Легкая или тяжелая постройка собора; изящество купола; выбор цветов для окраски стен церковных и крыш, конечно, занимают меня гораздо более. Любопытно сравнивать древневизантийские здания с новыми постройками, или древнюю иконопись с нашей нынешней русской, или даже замечать разницу в убранстве монастырских приемных у греков и русских. Можно легко убедиться, наблюдая все это, как почти все, что касается до внутреннего убранства храмов: иконопись, иконостасы, облачения у русских – лучше, чем у греков, как-то изящнее, живее, так сказать, и благолепнее. Пение наше церковное с греческим, ты сама знаешь, и сравнить нельзя! Зато у греков и болгар постройки лучше, больше вкуса, больше прочности, больше фантазии восточной и архитектурной поэзии; наши, к несчастью, слишком склонны, следуя полунемецкой казенщине нашей, к казарменным линиям, к белым штукатуренным прямым стенам, к зеленым крышам и куполам, тогда как зеленый цвет и для виду на естественной зелени самый невыгодный и неприятный, и уже слишком напоминает загородный дом разжившегося русского немца. Вообще на русских постройках заметны слишком следы наших казенных архитекторов, воздвигавших по всем уездам и губерниям станции желтые, казармы белые, церкви белые с зеленым…

В греческих и болгарских комнатах и приемных также больше восточного простора и величавой турецкой простоты: ковер, диван вокруг стены, камин хороший в средней стене или даже русская печка; в иных приемных – колонки, разделяющие комнату надвое, на возвышенную половину, на ту, где почетный диван, и на небольшое преддверие.
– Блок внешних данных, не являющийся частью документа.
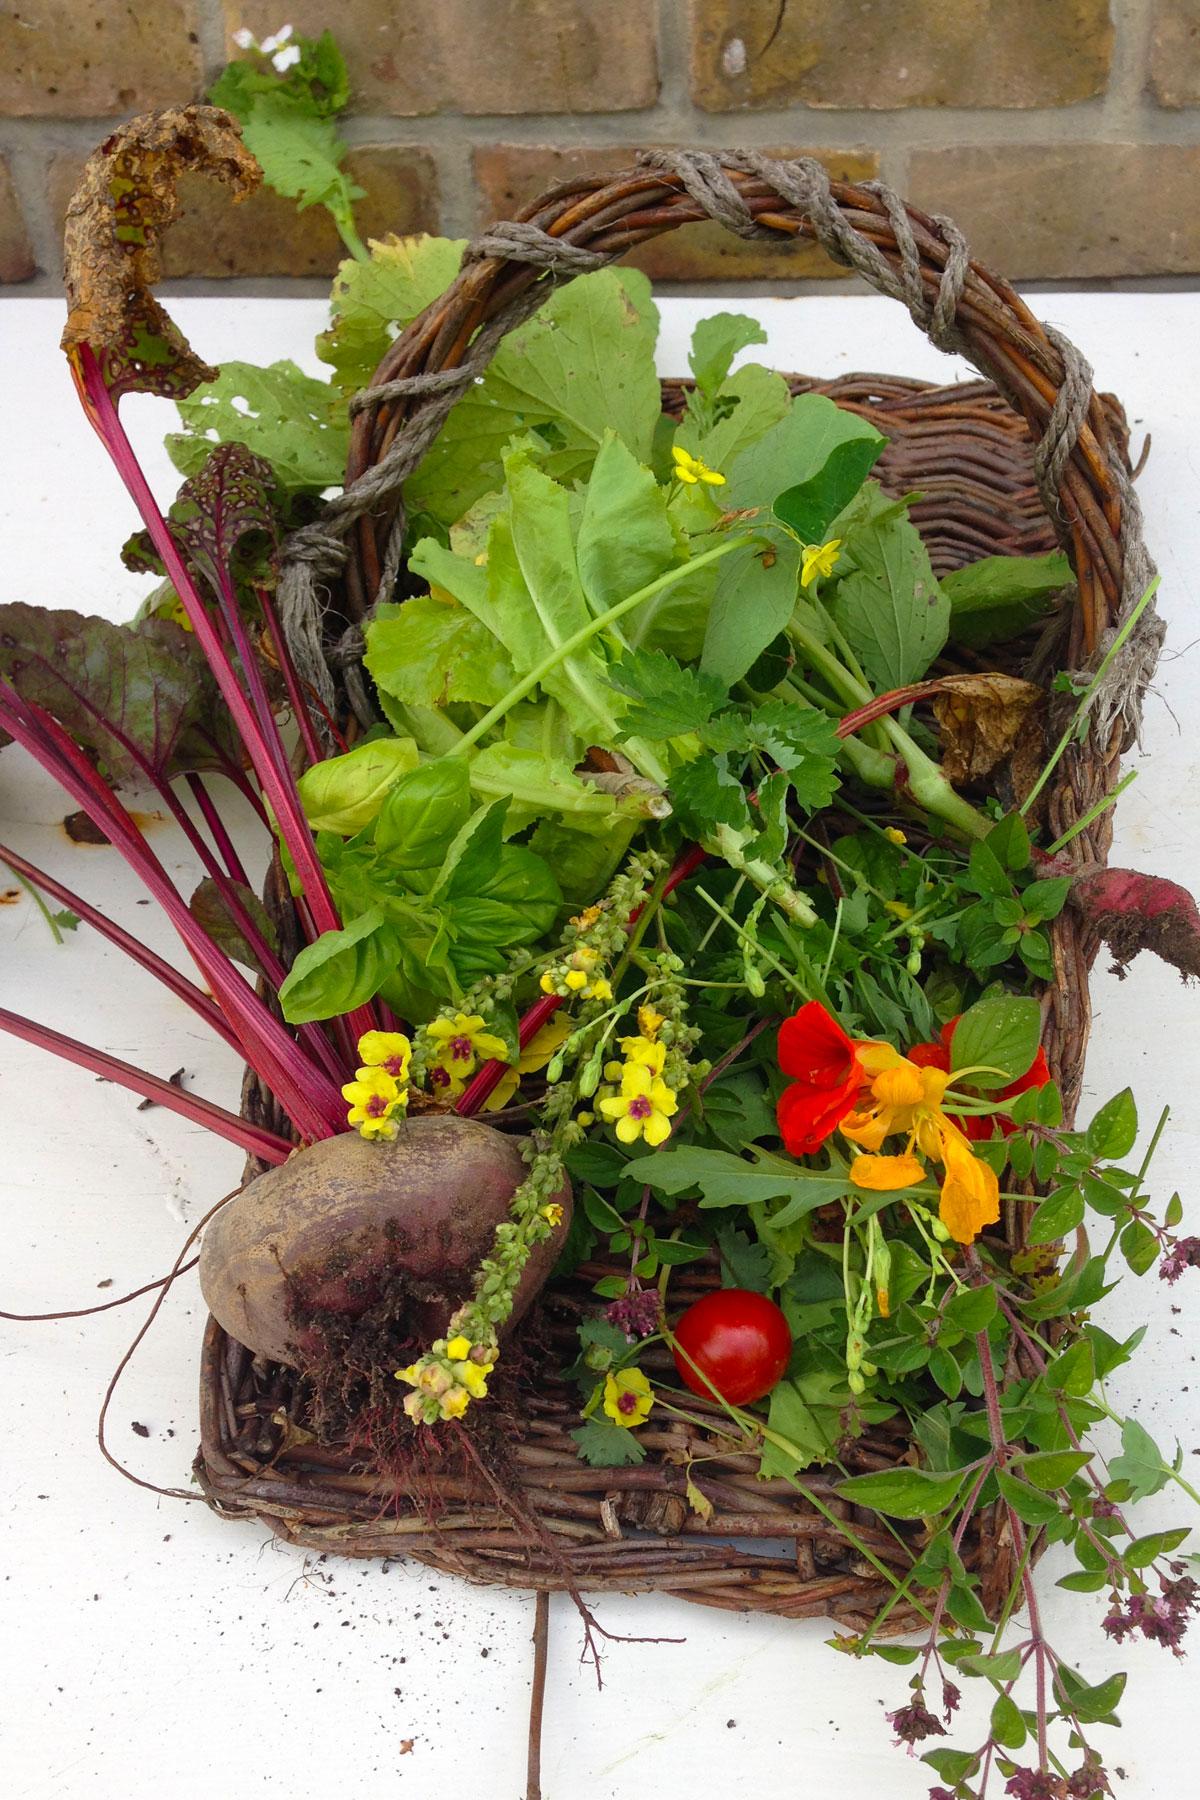 Travelingspoon ghent suzy vegetablebasket

На русских гостиницах для приезжающих очень тепло и во многом удобно; но русские уж слишком падки до плохой европейской мебели, до маленьких, неудобных диванчиков с разными зигзагами, до множества стульев, которые гораздо более были бы на месте в пещерах аскетов, чем в комнатах, которые назначены для успокоения и приема гостей. Большая также страсть к маленьким картинкам и множеству мелких фотографий по стенам; к вязанным ajour[86] скатертям и к женским печатным дешевым платкам, которые служат здесь вместо столовых покрышек… Одним словом, в приемной греческой или болгарской как будто видишь перед собой почтенного турка в чалме и широкой одежде, курящего чубук; а в русских гостиницах скорее вспомнишь своего знакомого Карла Иваныча, которому Марья Ивановна готовит к именинам вязаный или вышитый по канве сюрприз.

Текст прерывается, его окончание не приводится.